In summer, the reader stumbles over "slippery lumps of flesh." In winter, the reader ducks to avoid being struck by "frozen clods of earth" that can be "as dangerous as shell fragments and splinters."

In the trenches, the reader senses the revulsion brought on by rats that do not scurry; they brook no interruption as they feast on rotting rations, and corpses.

The reader can almost feel the lice - especially the lice that have been encased in a plaster cast by a surgeon who was already overwhelmed with soon-to-be corpses.

What is inhaled

There are sulphur fumes, "the stink of petroleum that blows across with the fumes of powder," and the searing of flesh ignited by a flame-thrower. There are "deathly exhalations and putrefaction" that cause nausea and retching among those who have somehow survived shot and shell.

What is heard

From the battlefield, the reader listens to the rasps and gasps of the dying, the calls for help, the cries of despair, the weeping, the croaking - and "one last gurgling rattle."

From a surgical tent, the reader hears a patient come out of anesthesia as "a screaming bundle of intolerable pain. Every day he lives will be a howling torture."

No cordoning off can mask the sufferings of those who have been gassed; "who in day-long suffocation cough up their burnt lungs in clots."

Post-Traumatic Stress

In the prologue to his celebrated 1929 novel, Erich Maria Remarque declared that the book was not to be thought of as either "an accusation or a confession, and least of all an adventure, for death is not an adventure to those who stand face to face with it."

It was Remarque's 1917 front-line face-to-face engagements that, as an 18-year-old, informed his accounts and abhorrences.

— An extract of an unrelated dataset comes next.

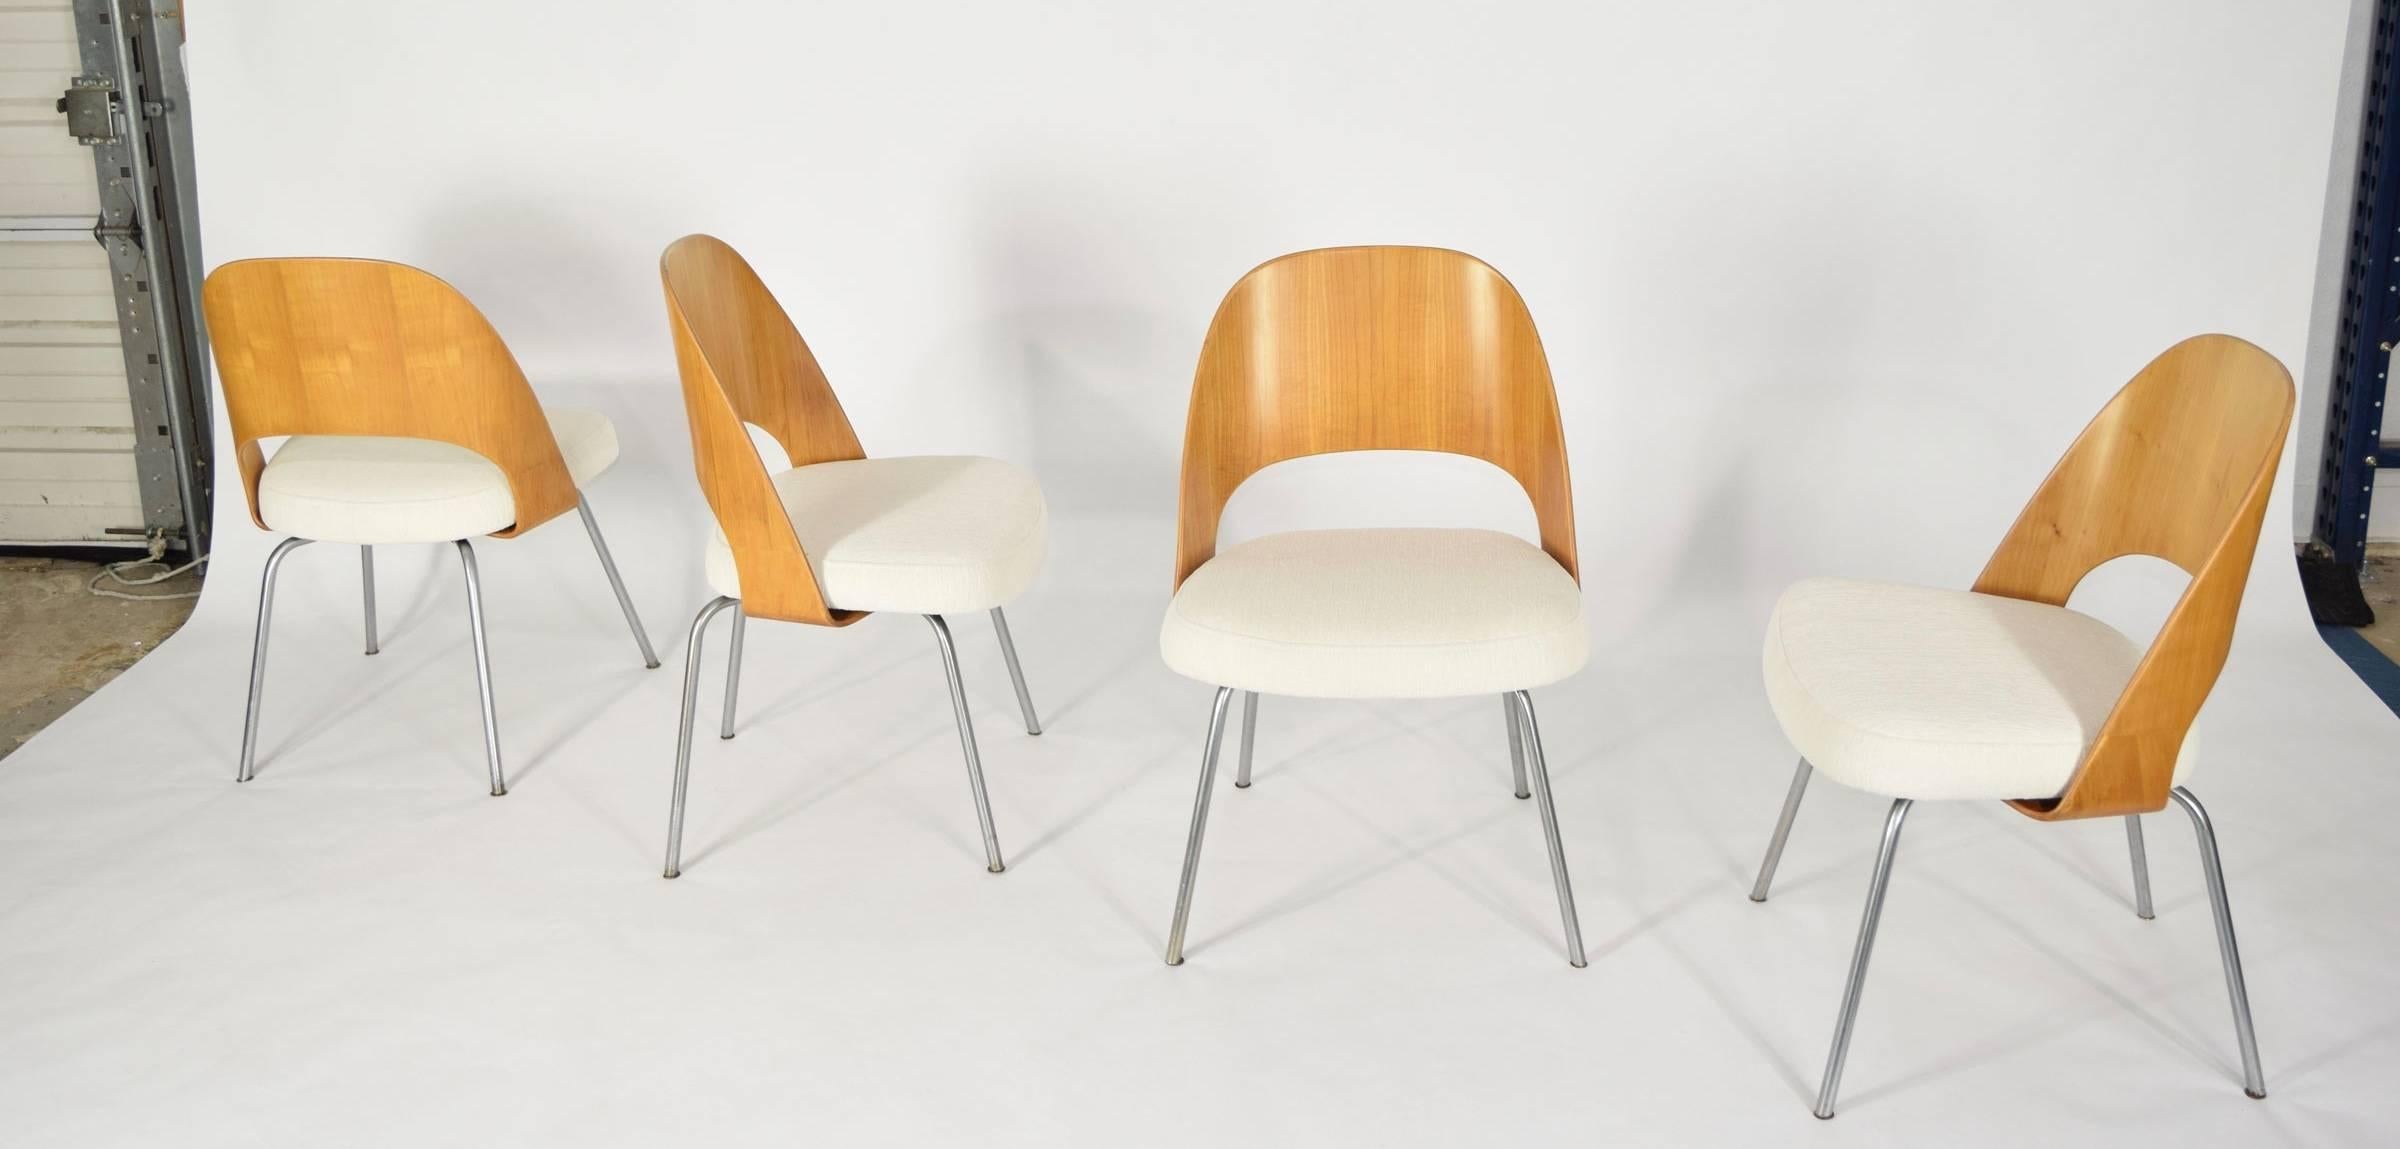 20th Century Rare Set of Eero Saarinen for Knoll Executive Chairs with Wood Backs

Those reverberations were meant to make the home front aware of the discomfiture of returnees who "though they may have escaped the war's shells, were [nevertheless] destroyed by them."

The novel's narrator - whose war experiences and wounds seem to parallel Remarque's - has a psychological armory that is increasingly stocked with realizations and resupplied with regrets: Even as bitterness and insanities "sink down in us like a stone, while we are still in the war," he understood that those thoughts "will awaken again, after the war." He explained, "Two years of shells and bombs - a man won't peel that off as easy as a sock."

A 14-day pass and home leave is but "a pause that only makes everything after it so much worse." The struggle for "disentanglement" is not something that those back home can fathom.

Can the Home Front begin to fathom the Front?

Remarque explained that, in action, the infantryman became an automaton. On leave, there is space and time for him to think about random misfortunes: There was the classmate who died following the amputation of his leg: "If only his leg had been six inches to right." And there was the soldier who had been blown out of his clothes: "If only he had run two yards farther to the left..." Another, diving to claw into the possible shield of earth, might have lived "had his back bent three inches further forward."

Can these accounts help those at home more fully grasp that for the bombarded and imperiled, whose finger-nails clawed for earthen refuge, "life" became "simply one continual watch against the menace of death"? How best to convey the dulling and inuring that transformed family members and friends "into unthinking animals" who develop "the weapon of instinct"?

That "weapon," Remarque explained, was reinforced with a "dullness, so that we do not go to pieces before the horror, which would overwhelm us if we had clear, conscious thought." The madness corresponded to "the indifference of wild creatures."

With indifference embedded, how could such a creature return to a semblance of a normal life? The narrator is not sanguine about adjusting to home life, should an armistice be reached, and he survive to welcome it: "We will not be able to find our way anymore."

New Rescue and Recovery missions

For those in VA hospitals, there are still psychological and emotional armistices to be negotiated. The resolution of those conflicts will require reinforcements by medical and psychological personnel - fresh troops (and new command structures) in a battle to retake stable, sane, ground; especially as new casualties are about to be suffered.